• TASK BRIEF:
What you return should be the complete listing, unchanged, with no pictures in it.

• SOURCE MATERIAL:
══════
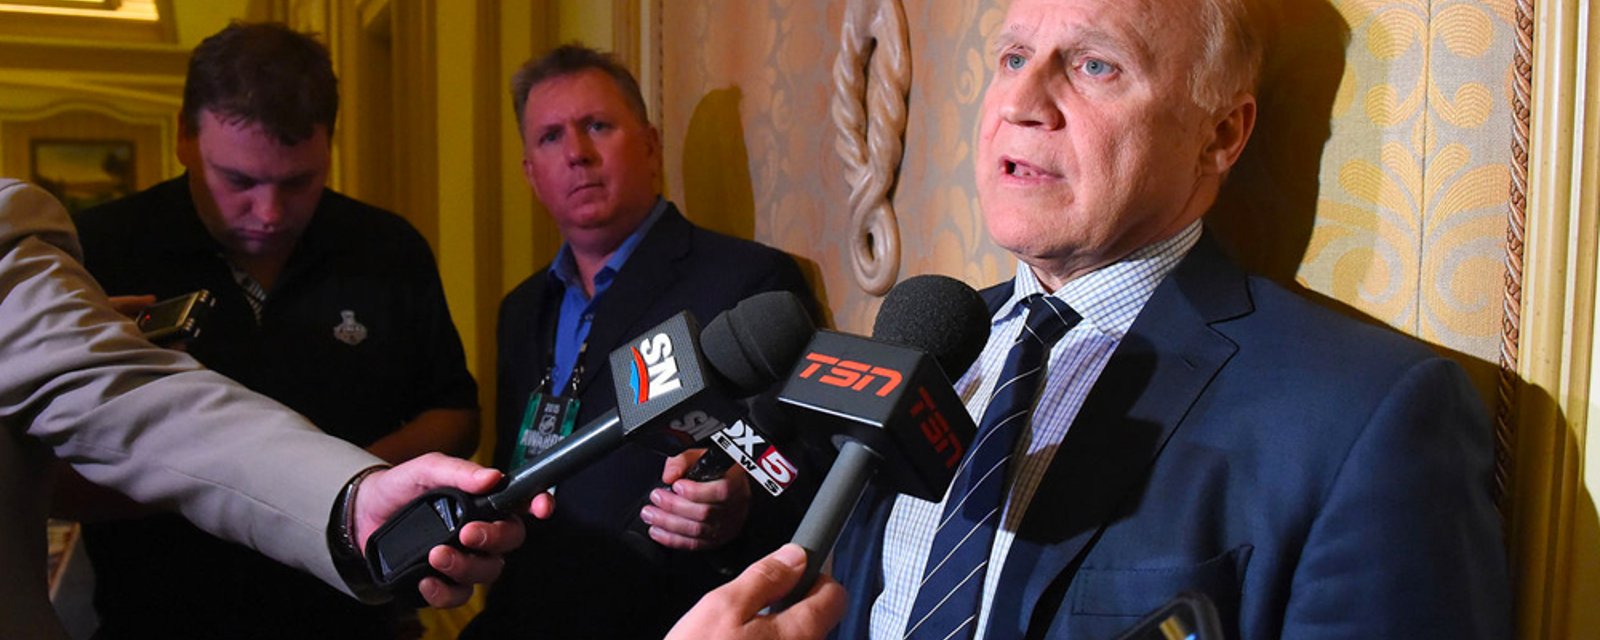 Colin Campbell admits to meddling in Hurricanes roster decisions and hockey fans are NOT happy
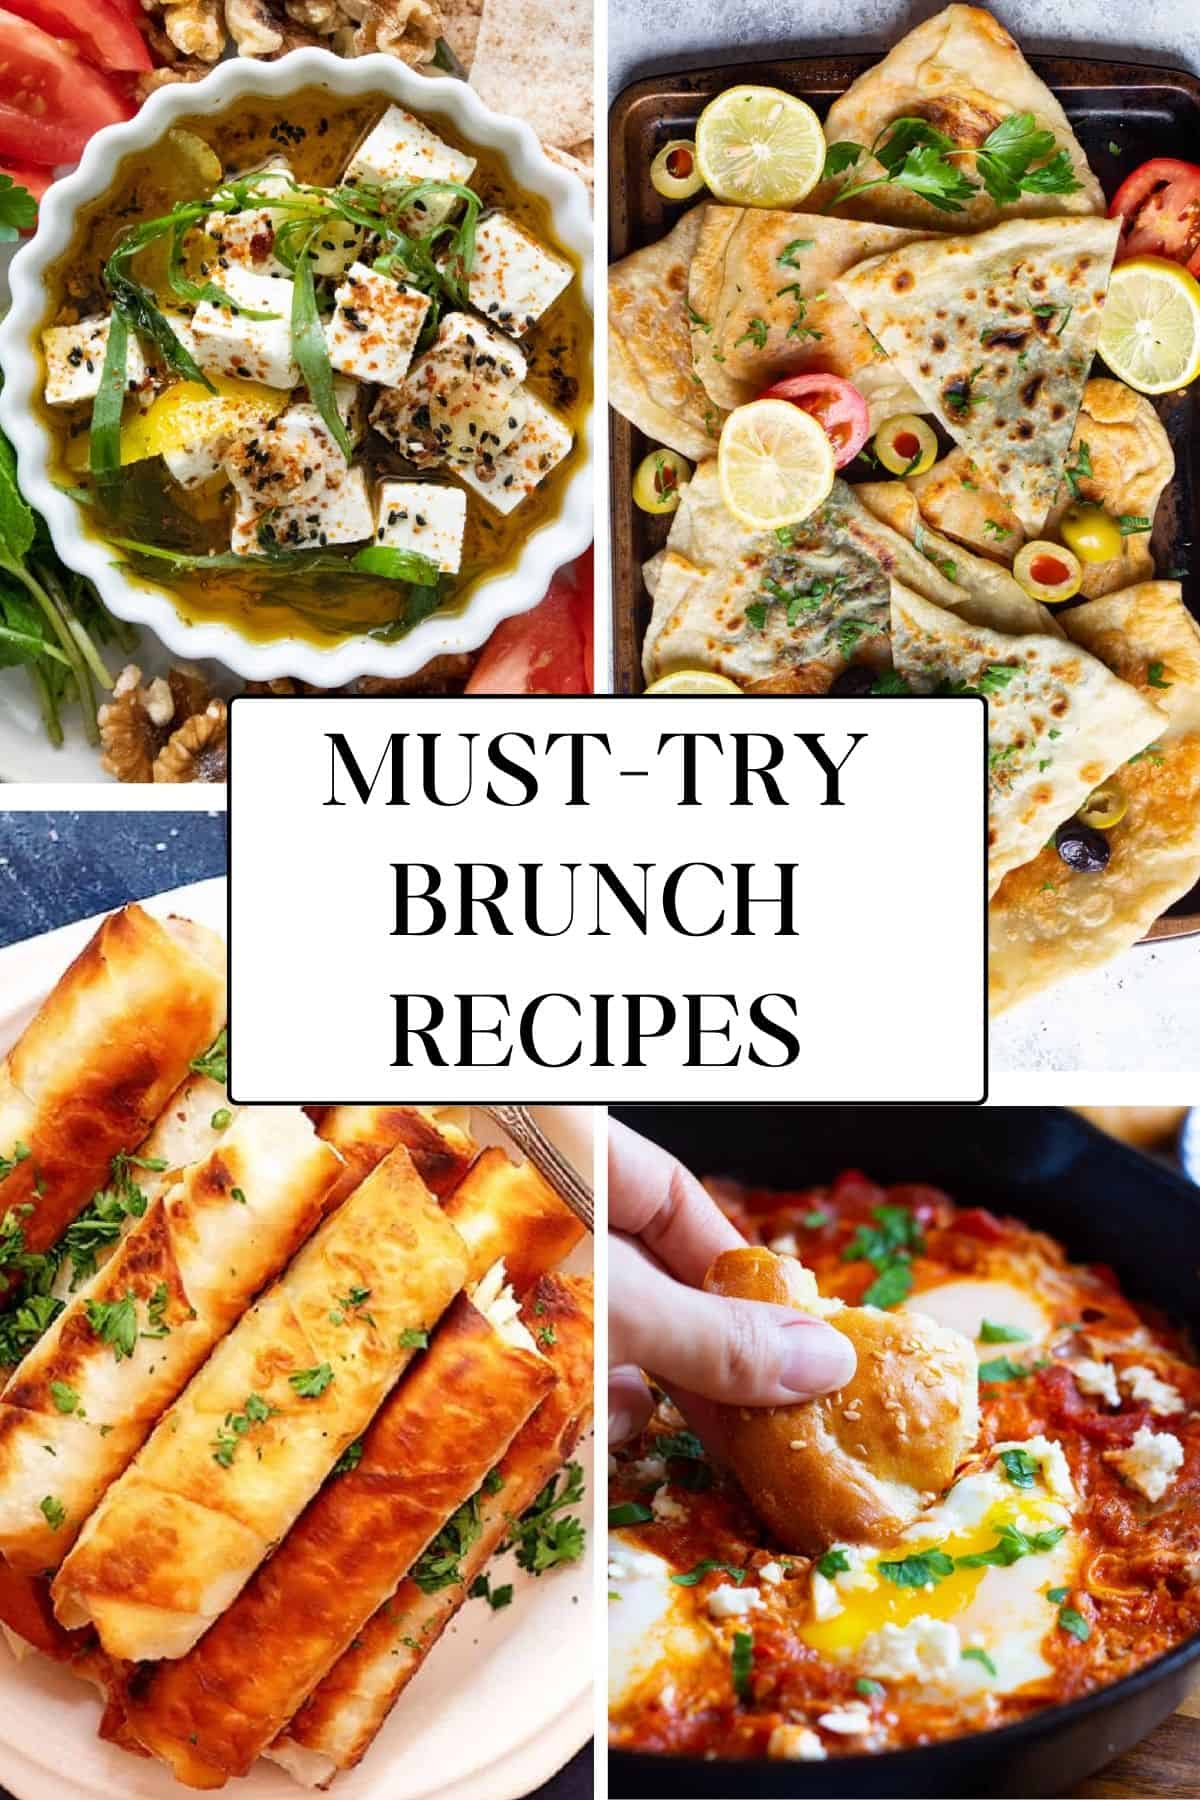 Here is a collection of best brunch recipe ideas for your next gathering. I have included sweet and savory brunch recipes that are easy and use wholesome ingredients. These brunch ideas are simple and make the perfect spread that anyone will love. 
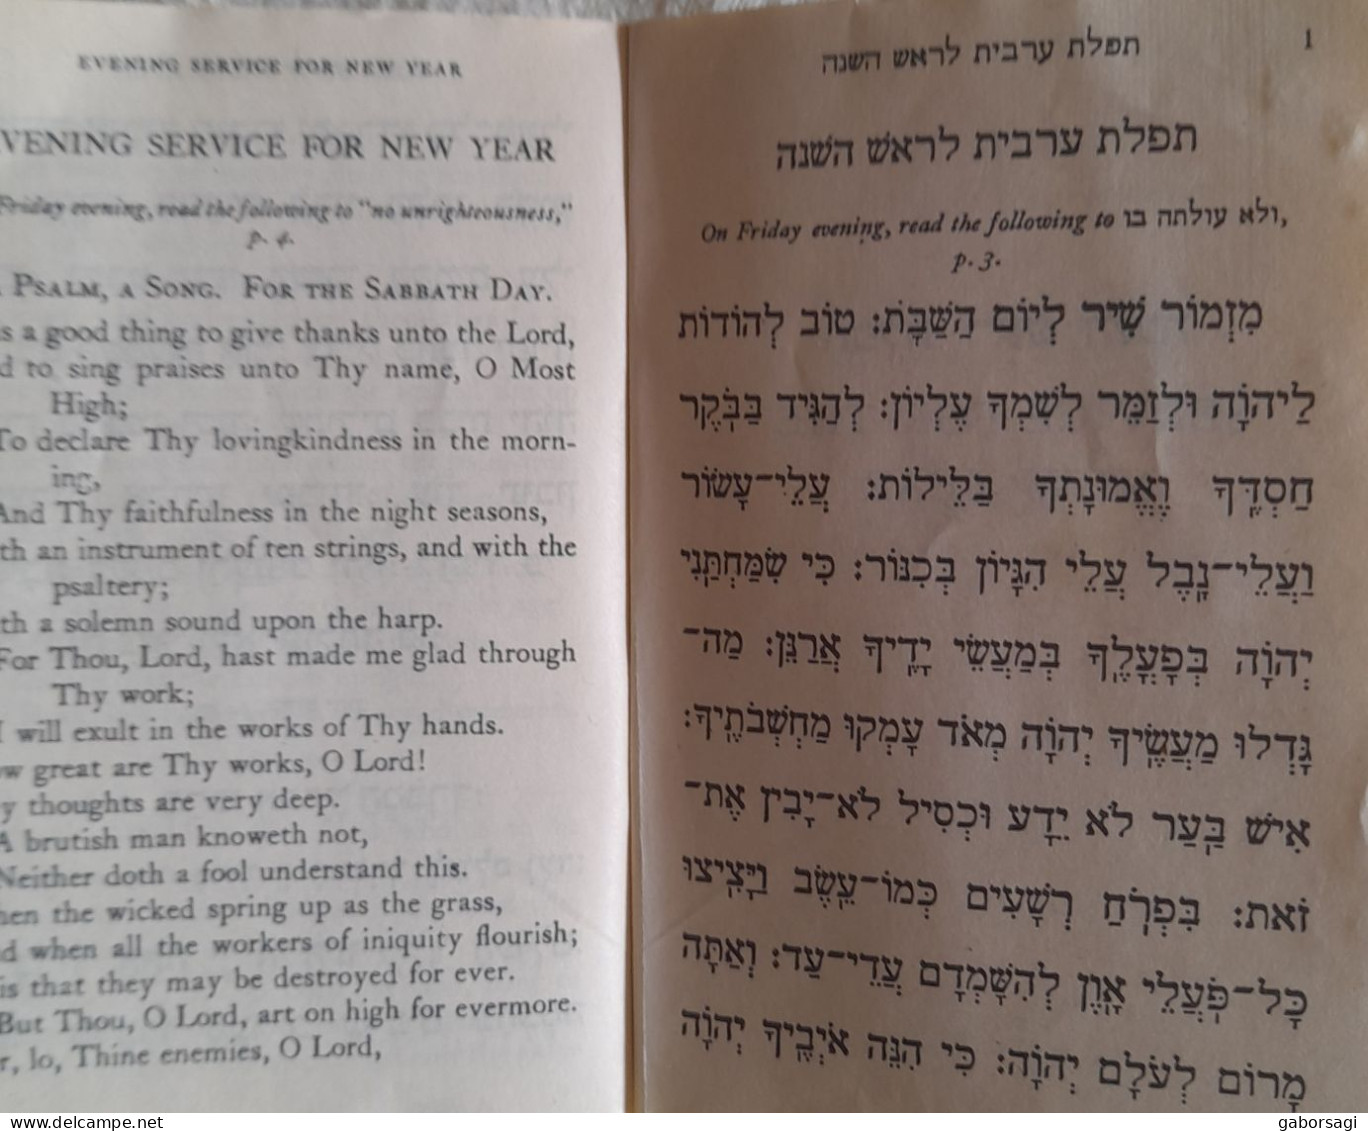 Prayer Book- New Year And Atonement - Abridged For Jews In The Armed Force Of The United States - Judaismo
══════
• EXERCISE ANSWER:
 Colin Campbell admits to meddling in Hurricanes roster decisions and hockey fans are NOT happy
 Here is a collection of best brunch recipe ideas for your next gathering. I have included sweet and savory brunch recipes that are easy and use wholesome ingredients. These brunch ideas are simple and make the perfect spread that anyone will love. 
 Prayer Book- New Year And Atonement - Abridged For Jews In The Armed Force Of The United States - Judaismo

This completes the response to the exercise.